Ratan Tata was a huge presence in our book, Nanovation. As he prepares to step down from his role as the Chairman at the end of this year, he’s been sharing some thoughts with the press on his legacy.

It’s clear that he doesn’t feel he’s achieved all he hoped. While the TATA Group has grown and prospered during his tenure, he doesn’t think he deserves much credit for that. “We were a traditionally manufacturing company in a sellers market,” he says, meaning that growth would have been hard to mess up. What is revealing is that he believes the company did not succeed in “really embracing the customers’ values.”

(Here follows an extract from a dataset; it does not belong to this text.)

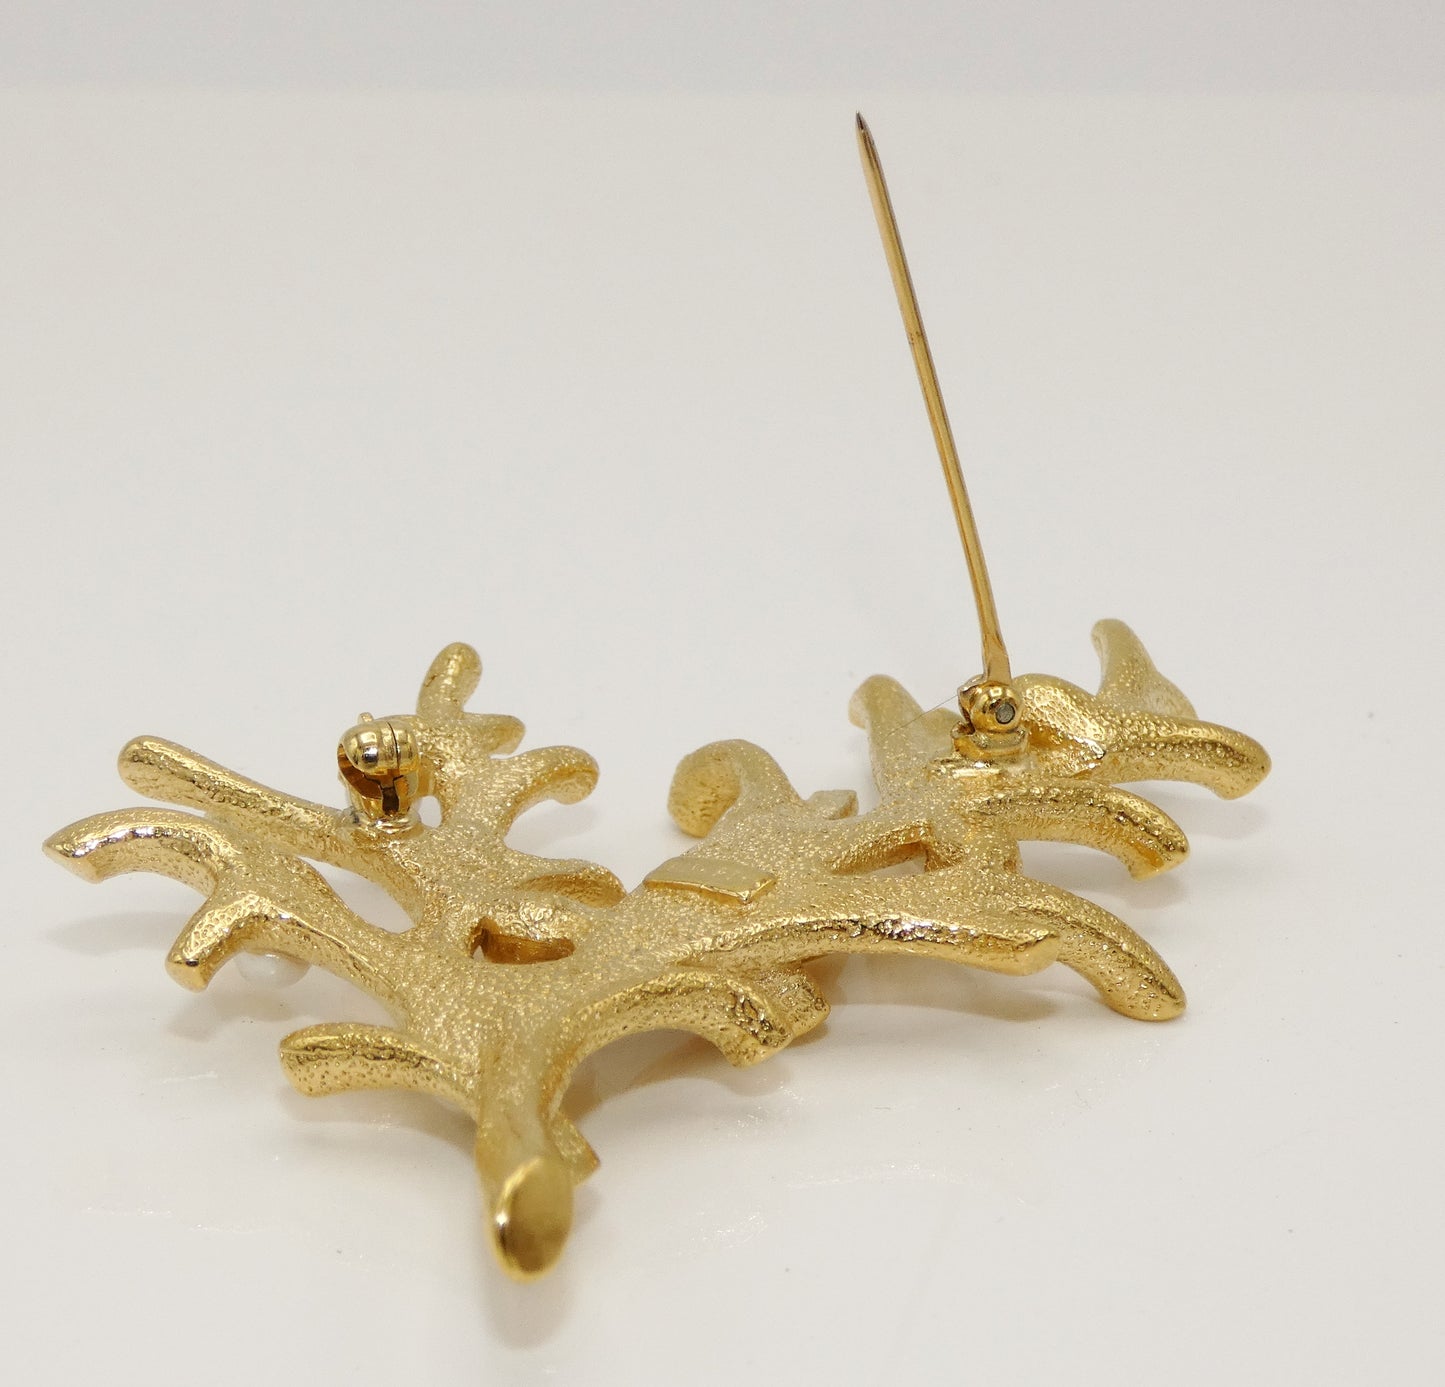 Trifari Sea Coral Pin/ Brooch with Faux Pearls
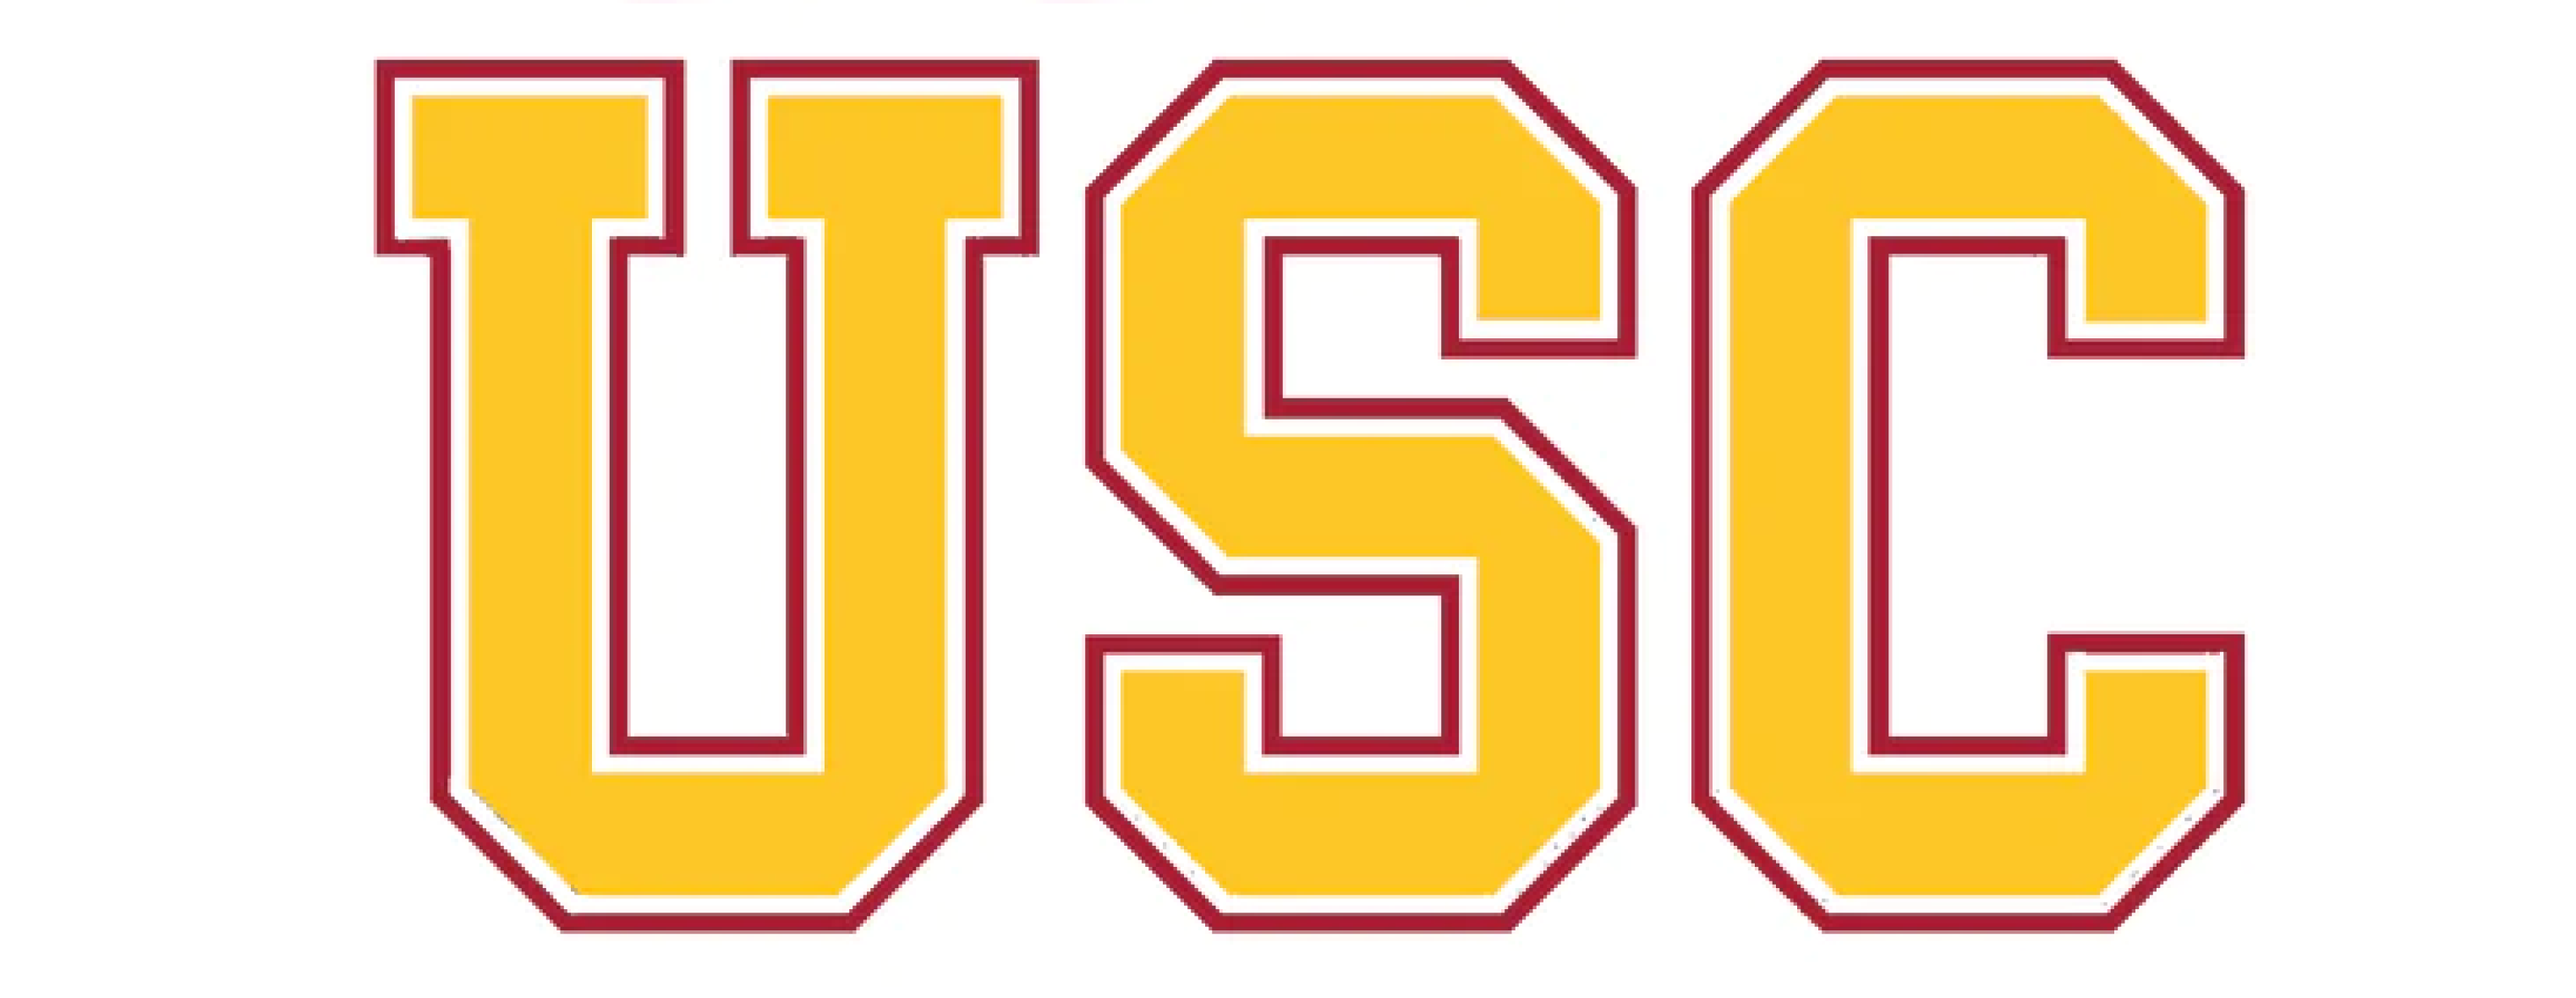 USC University of Southern California logo.

One example he cites is what he sees as a failure to create “a truly open, flat, transparent group.” He also believes that they haven’t been able to serve the poorer levels of society. “Serving the bottom of the pyramid in India with affordable products is a real and ongoing challenge and the Tata group has not succeeded in being innovative enough,’ he said. The Nano, for example, while not a sales failure, never really lived up to the promise he hoped it would reach.

Serving the bottom of the pyramid is difficult, from a commercial point of view, precisely because those at the bottom of the pyramid have so little to spend. The Nano was actually aimed at the bottom third of the Indian middle class because those living below the poverty line have no hope of buying even the world’s least expensive car.

The Nano project was a test case of a truly open and flat culture and, as such, it was a huge success. But expanding that kind of organization throughout the rest of TATA Motors — to say nothing of the rest of the 100 companies in the Group — was not something the Chairman was able to accomplish in his tenure.